The objective of this proposal is to develop detectors with high efficiency and high resolution. Currently, the best high-purity germanium detectors (HPGe) used in nuclear spectroscopy provide a fractional energy resolution of only 0.5% in the 100 keV region important in nuclear spectroscopy. In many cases this resolution is inadequate to discriminate between threatening nuclear materials and more mundane substances which are part of the natural background. For example, the most common source of false alarms at US border crossings is the confusion between the naturally occurring emission of 226Ra (an element commonly found in clay-bearing materials and soils) at 186.211 keV and the185.715 keV emission of fissile 235U. Another spectroscopic challenge in nuclear materials analysis is separating the intense 104.2 keV line of 240Pu from the nearby 103.7 keV X-ray of Pu X. These and other line overlaps in the 100-200 keV region set the error budget for nondestructive analysis of mixed actinide samples. Determining the isotopic mix in a reactor fuel sample provides both a characteristic fingerprint and specific information about the intended purpose of the fuel (weapons production or electricity generation), the type of reactor, and the history of chemical processing, if any. Further, detectors with high efficiency and high resolution can provide new capabilities for detecting fissile material. Detectors with better resolution produce a better signal-to-noise ratio when measuring faint emission lines from trace quantities of radioactive material in the presence of background or overlapping lines. The new superconducting detectors proposed here offer the promise of 30 times better energy resolution than HPGe, and perhaps 1000 times greater cross-sectional sensitivity compared to cryogenic microcalorimeters.
The intellectual merit of the proposed activity derives from its potential to produce more than an order of magnitude improvement in the energy resolution of gamma ray detectors, and the scientific fallout this advance would have, not only for nuclear security, but also in astrophysics and nuclear medicine. The detectors proposed rely on an effect called kinetic inductance, in which the macroscopic inductance of the surface of a superconductor can be influenced by the creation of unpaired electrons (quasiparticles) through the absorption of ionizing radiation.

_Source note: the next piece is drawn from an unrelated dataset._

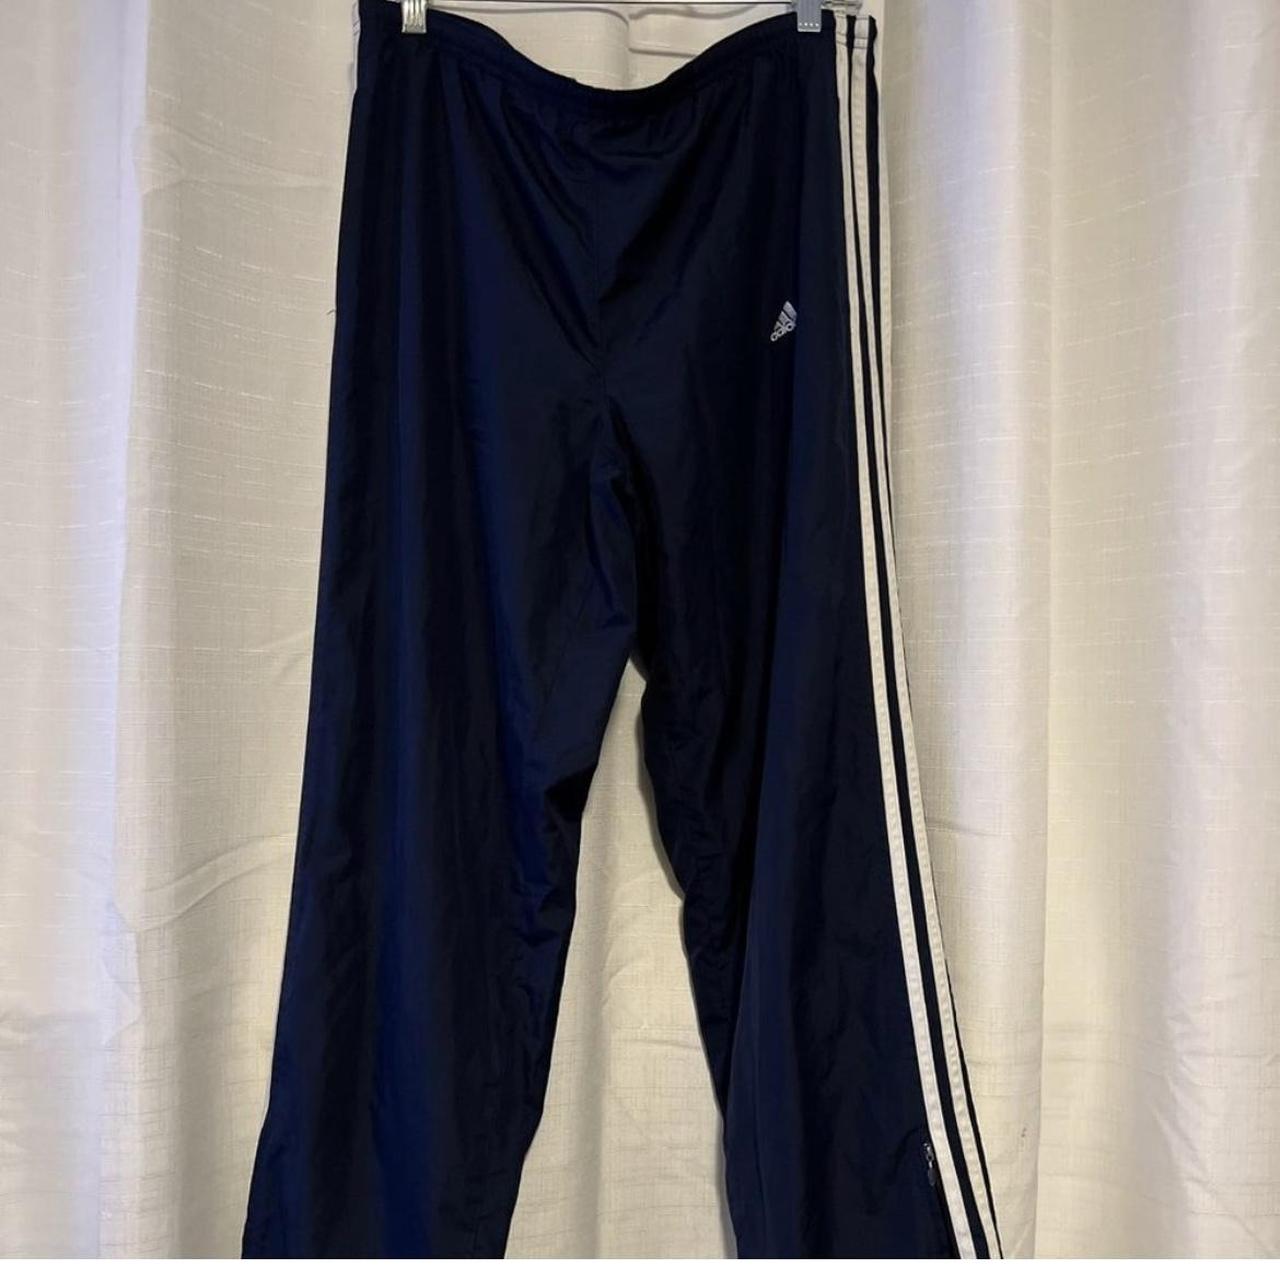 adidas wind pants in good condition, bought from - Depop

The change in inductance is picked up by a high-Q microwave circuit, and the signal event is counted as with any another photon counter, but with the difference that the pulse heights can be measured with 30 eV energy resolution in the gamma absorption.

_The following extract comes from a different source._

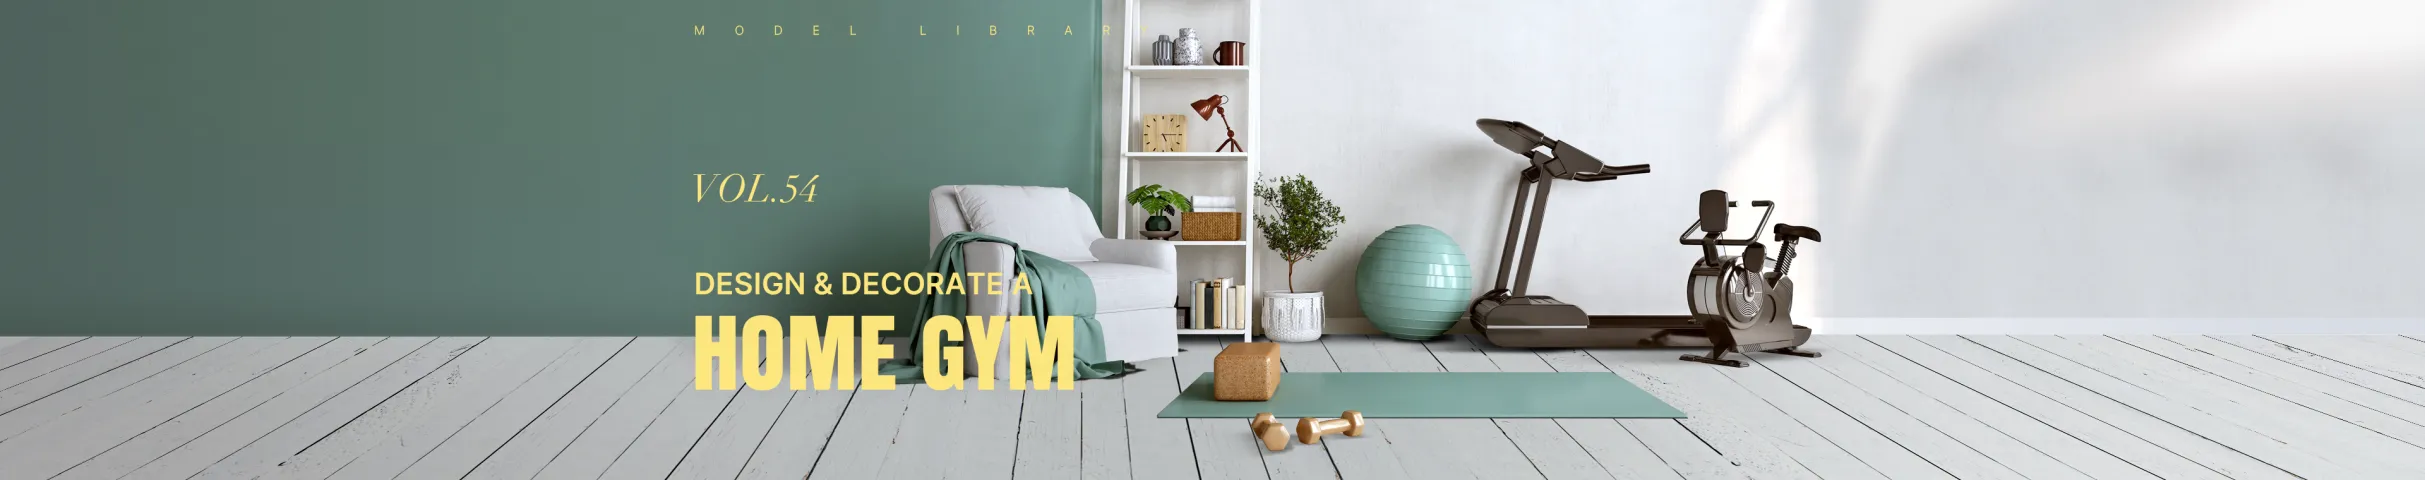 Design and Decorate a Home Gym

The broader impact of this effort will be felt in several areas. First in science the development of high-energy kinetic inductance detectors will influence the direction of gamma ray astronomy and perhaps even the search for dark matter. In technology, the impact will be felt in the development of non-contact nuclear assay methods of unprecedented sensitivity. Finally, in education, the participants in the research, the graduate student and postdoc, will be free to explore a wide open area as part of thesis and postdoctoral research. Finally the senior personnel will have something exciting to do, and something new to convey to the K-12 students in the science fair and outreach activities.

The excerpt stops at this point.